State and behavior that is general enough to be applicable to different programs should be defined via frame classes. State and behavior that is specific to a single program should be defined via frames.

Ideally most frame classes should be defined in separate Python packages, so they can be reused across projects (see examples/frame_libraries in the git repository).

Example

To illustrate the differences between frame classes, frame instances and frames, let’s consider a simple use case:

We would like to create a button in a user interface that prints the line “Hello World!” when clicked.

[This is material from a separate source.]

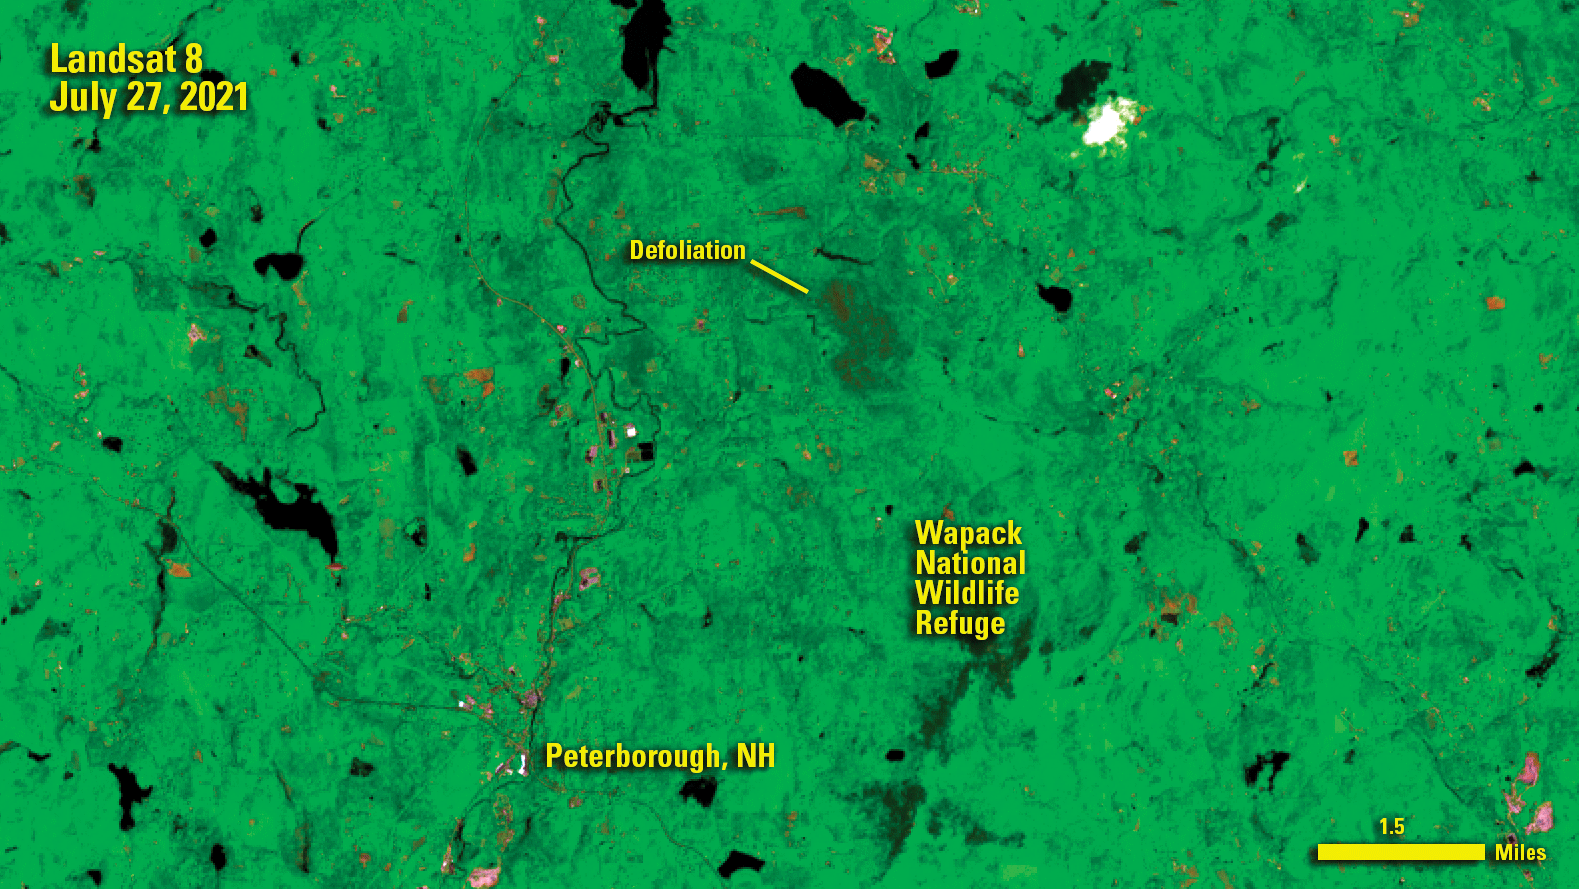 Landsat image showing defoliation in the Wapack National Wildlife Refuge.

Creating frame classes for Gtk.Window and Gtk.Button

First we create a frame class that represents a GTK window:

1
2
3
4
5
6
7
8
class GtkFrame(FrameMeta, type(GObject)):
    pass

class Window(Frame, Gtk.Window, metaclass=GtkFrame):
    def __init__(self, *args, **kwargs):
        Frame.__init__(self)
        Gtk.Window.__init__(self, *args, **kwargs)
        self.connect("destroy", lambda _: self.remove())

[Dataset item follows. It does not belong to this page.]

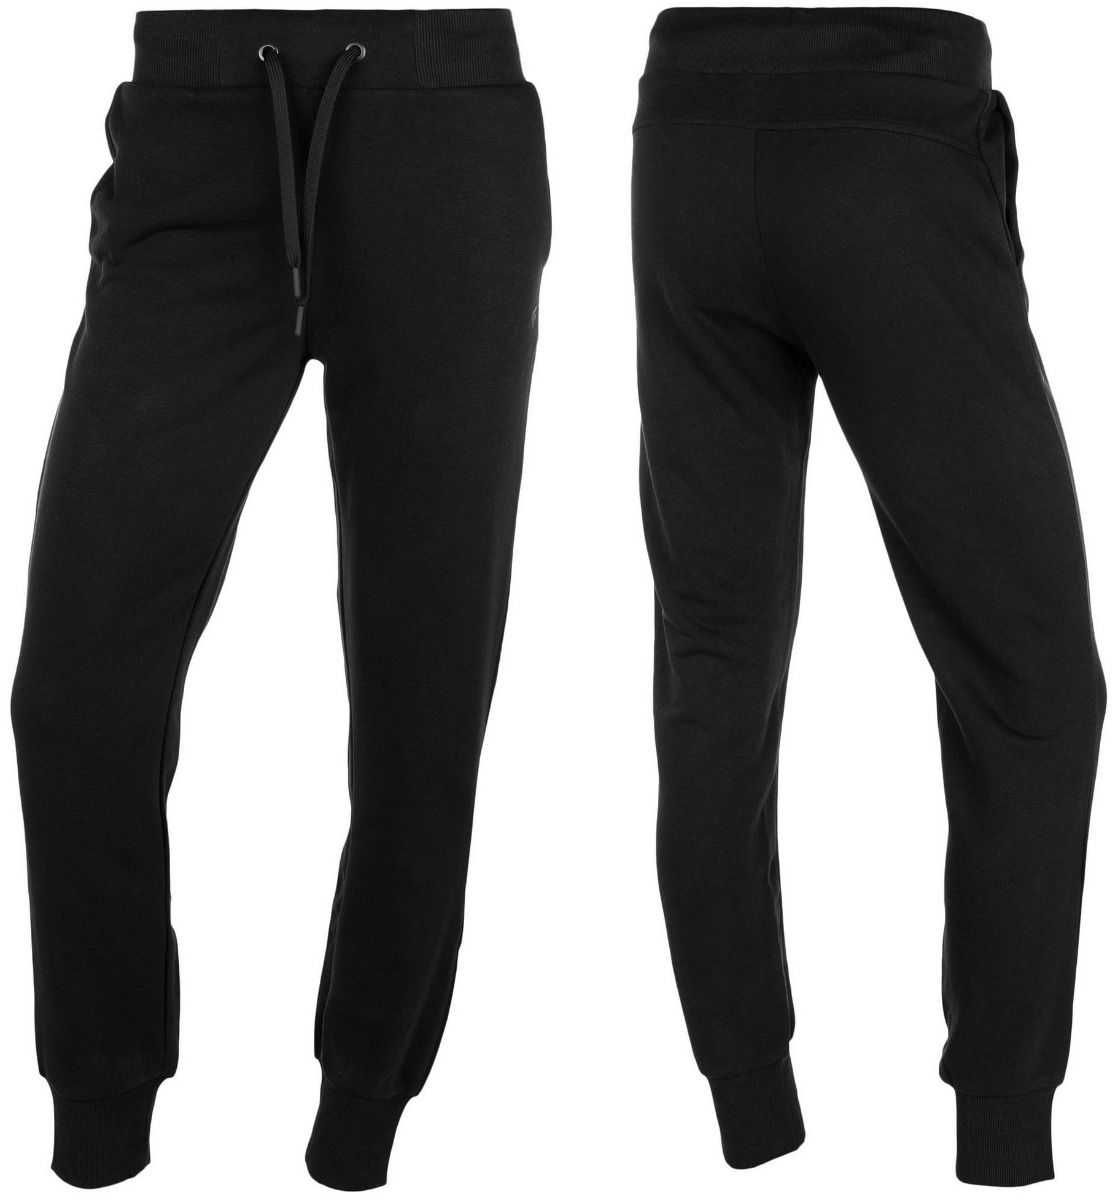 Spodnie damskie 4F czarne rozmiar XL,XXL

The class Window is a frame class because it derives from asyncframes.Frame. In line 8, we connect the window’s destroy event to the asyncframes.Awaitable.remove() method. This will remove the frame when the user closes the window. The rest of this code snippet is required to enable multiple inheritance in Python:

Lines 1 and 2 declare a metaclass that derives from both the metaclass of Frame (i.e. FrameMeta) and Gtk.Window (i.e. type(GObject)). Lines 6 and 7 call the constructors of both base classes. Note that we are pass through any arguments of the window frame class to the GTK window. We will use this later to pass a title string to the window.

Now let’s create another frame class for buttons:

 1
 2
 3
 4
 5
 6
 7
 8
 9
10
class Button(Frame, Gtk.Button, metaclass=GtkFrame):
    def __init__(self, *args, **kwargs):
        Frame.__init__(self)
        Gtk.Button.__init__(self, *args, **kwargs)
        find_parent(Window).add(self)

        self.clicked = Event("Button.clicked")
        def send_clicked_event(*args):
            self.clicked.send(args)
        self.connect("clicked", send_clicked_event)

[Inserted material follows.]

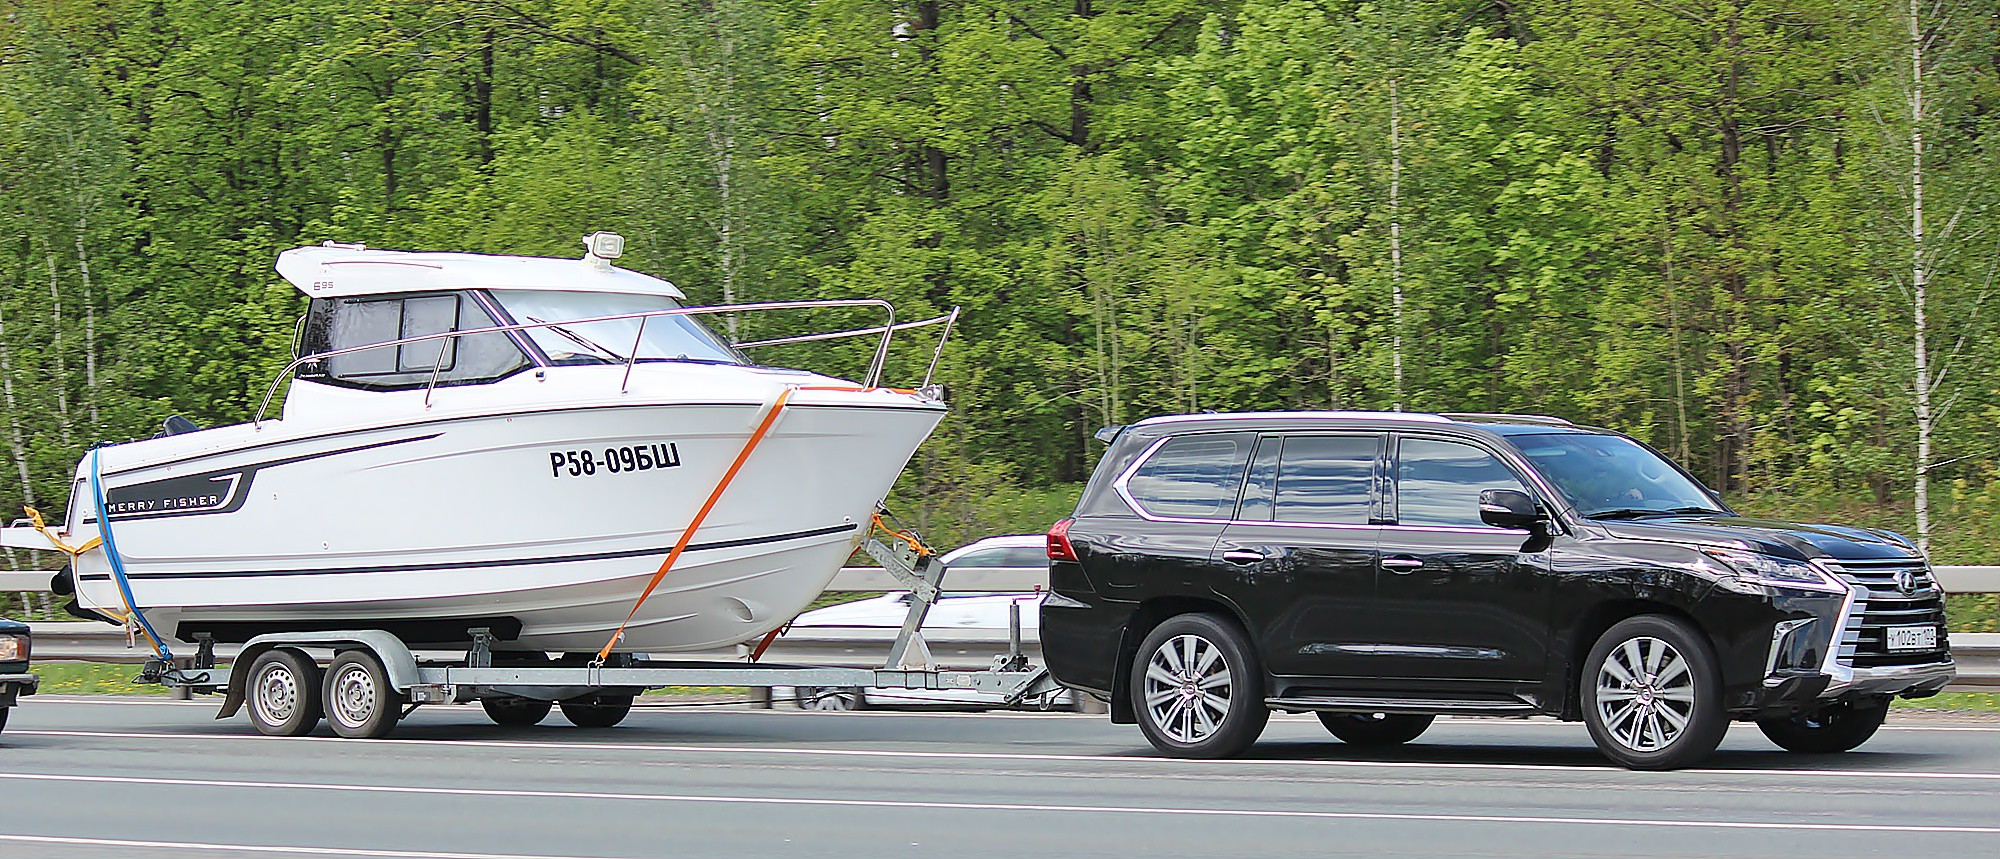 Перевозка лодки пвх с мотором на прицепе: правила и требования безопасности. лодочный прицеп

The Button frame class derives from both Frame and Gtk.Button. After calling the constructors of both base classes, we add the button to its window. Remember that any FHM program consists of a hierarchy of frames. To find the window this button belongs to, we use the function asyncframes.find_parent(parenttype) to search the hierarchy for the closest ancestor of type Window. Finally, in lines 7 through 10, we create an asyncframes.Event and connect it to the clicked event of the GTK button.

Creating a FHM program using Window and Button

Let’s use Window and Button frame classes to create a simple GUI application:

 1
 2
 3
 4
 5
 6
 7
 8
 9
10
11
12
13
14
15
16
17
@Window(title="Button Example")
async def main_frame(self):
    @Button("Click Here")
    async def button_frame(self):
        self.show()
        while True:
            await self.clicked
            print("Hello World!")
    button = button_frame()

    self.set_default_size(280, 40)
    self.set_border_width(8)
    self.show()
    await hold()

loop = glib_eventloop.EventLoop()
loop.run(main_frame)

We start by creating a main frame of type Window in lines 1 and 2. Since our Window frame class is forwarding all arguments to the underlying Gtk.Window, we can pass the window title when creating the frame. The self argument is optional in asyncframes. It refers to the frame just like the self argument on a Python method.

In lines 11 to 13 we use self to call methods of the Gtk.Window. Line 11 resizes the window, line 12 adds padding around our button and line 13 displays the window.

Line 14 is important to keep the main_frame from going out of scope. Frame classes are removed when they go out of scope and the window is part of our main_frame. Accordingly, without await hold() our application would close the window and exit immediately.

Note

await hold() is semantically equivalent to await sleep(sys.float_info.max)

The last thing to define is our button. FHM allows us to create the button and define its entire life cycle in a single block of code (lines 3 to 9). If we were to completely remove all code related this button in the future, we would only need to remove or comment-out these lines. Lines 3 to 8 define the button frame and line 9 creates a frame instance.

Note

We define button_frame inside main_frame to emphasize that this button is a child of the window in the frame hierarchy. This is not a requirement. The button’s position in the hierarchy only depends on where the frame instance is created (line 9). Accordingly, it wouldn’t affect the application if we defined button_frame outside main_frame.

Similar to the window title, we pass the button text as an argument when creating the button frame (line 3).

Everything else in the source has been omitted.